This idea was received with a general laugh.
"I'll have to put that in the opening monologue some time," said the redhead. "I could do a whole run about his funeral, too—though it won't seem respectful to joke about it for at least a week."
The first man grimaced, but the second one laughed out loud, then turned to his more sober companion and said, "If it turns out he left it all to some fringe group of nutcases, I'm making him Worst Person in the World posthumously, whether you like it or not."
The white-haired man nodded, and the conversation moved on.
Colbert looked to the Spirit for an explanation, but none came. Instead it moved on, matching pace with a woman who had just passed them, holding a cell phone. Colbert recognized her, as he had the men in the bar, having seen them all at one time or another; she was another comedian and an actress, with silver hair that had at one time been blonde. Her coat must have been hand-crafted, for no store would have stocked such an outrageous garment, and few would have worn it.
"You're kidding," she was saying. "Dead? That's a shame, it really is. Horrible thing for the next of kin to find out on Christmas. No, no, I'm halfway back already. I just had to get some marbles for the party tonight. Love you too. 'Bye."

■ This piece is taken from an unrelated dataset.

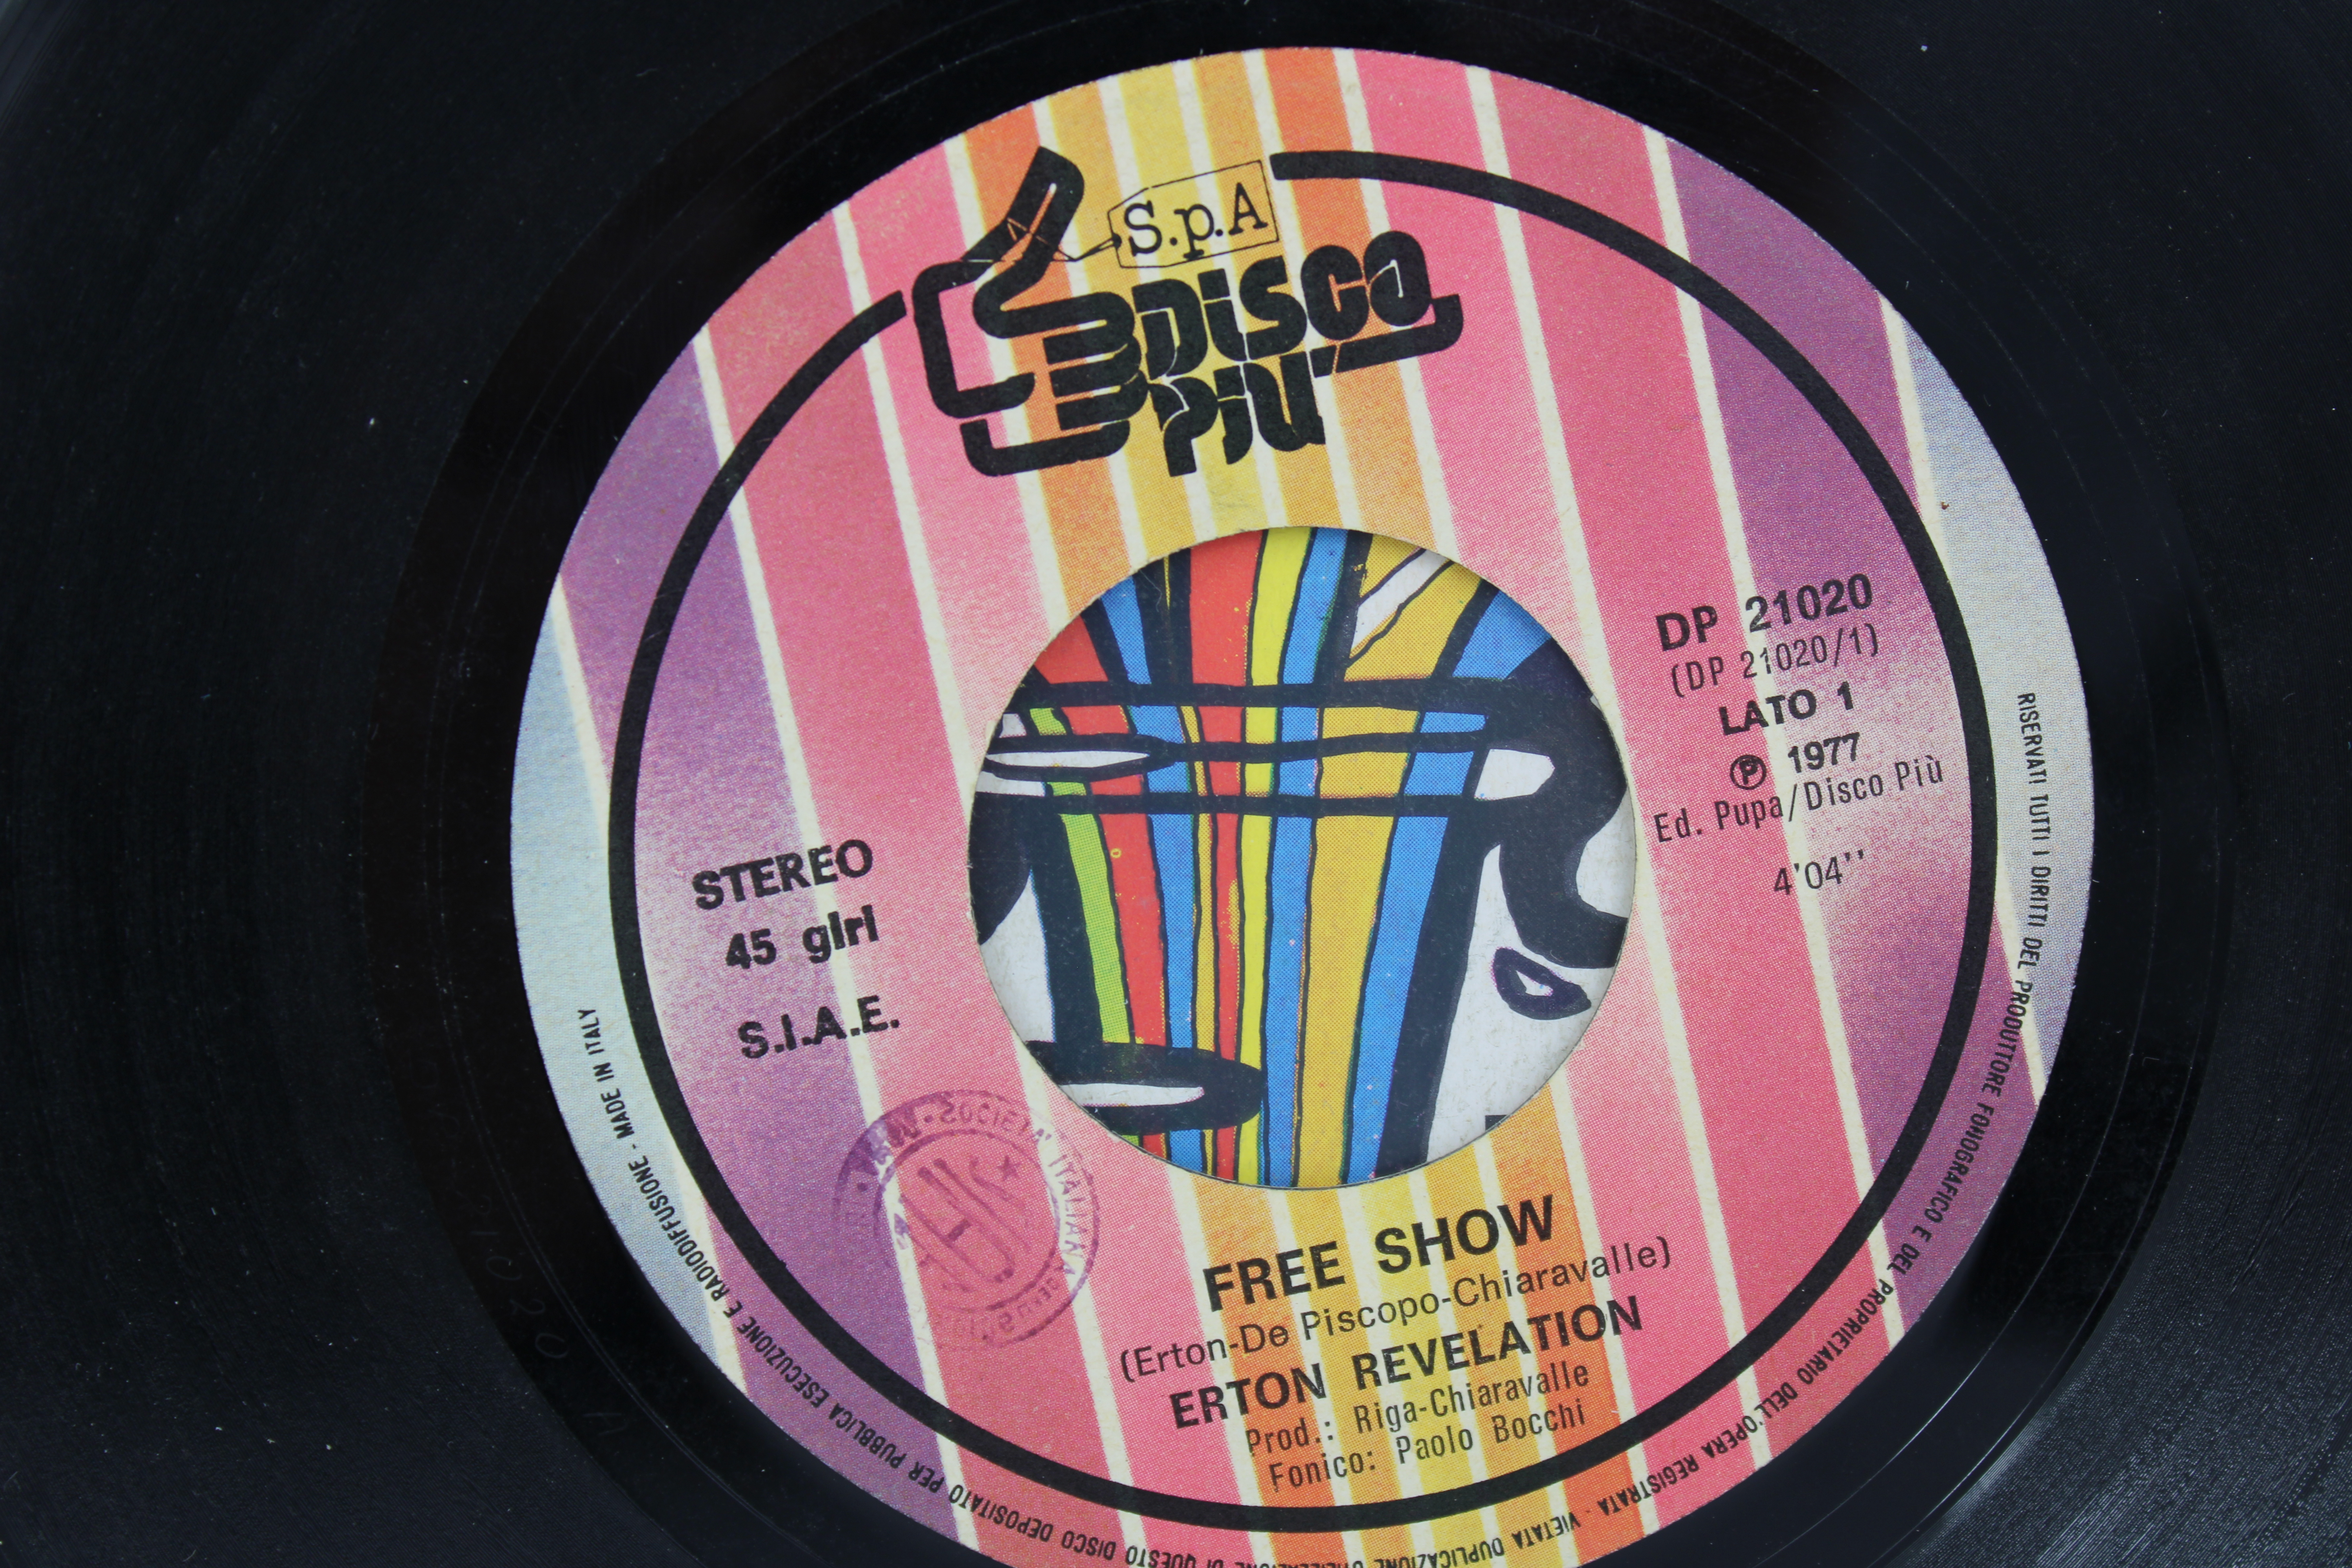 Erton Revelation Free Show Fire Dance Disco 45 Giri Vinyl Vinile 7

She closed the miniature phone without another word, and began to sing a carol to herself.
Colbert perceived that these conversations must have some connection to himself, but he could not for the life of him understand what. The only dead person immediately upon his mind was Jon Stewart, and these could scarcely be supposed to have any bearing on that, for Stewart's death had not been greeted with such indifference—far from it! The man had received a small and private funeral, but for a time it had seemed the whole nation had mourned. Nevertheless, Colbert was sure that the relevance of the whole thing would become clear soon enough, and resolved to keep it all in mind; and especially to watch the shadow of himself when it appeared, for he had an idea (though he had never been a great fan of ideas before) that the conduct of his future self would clear things up a bit.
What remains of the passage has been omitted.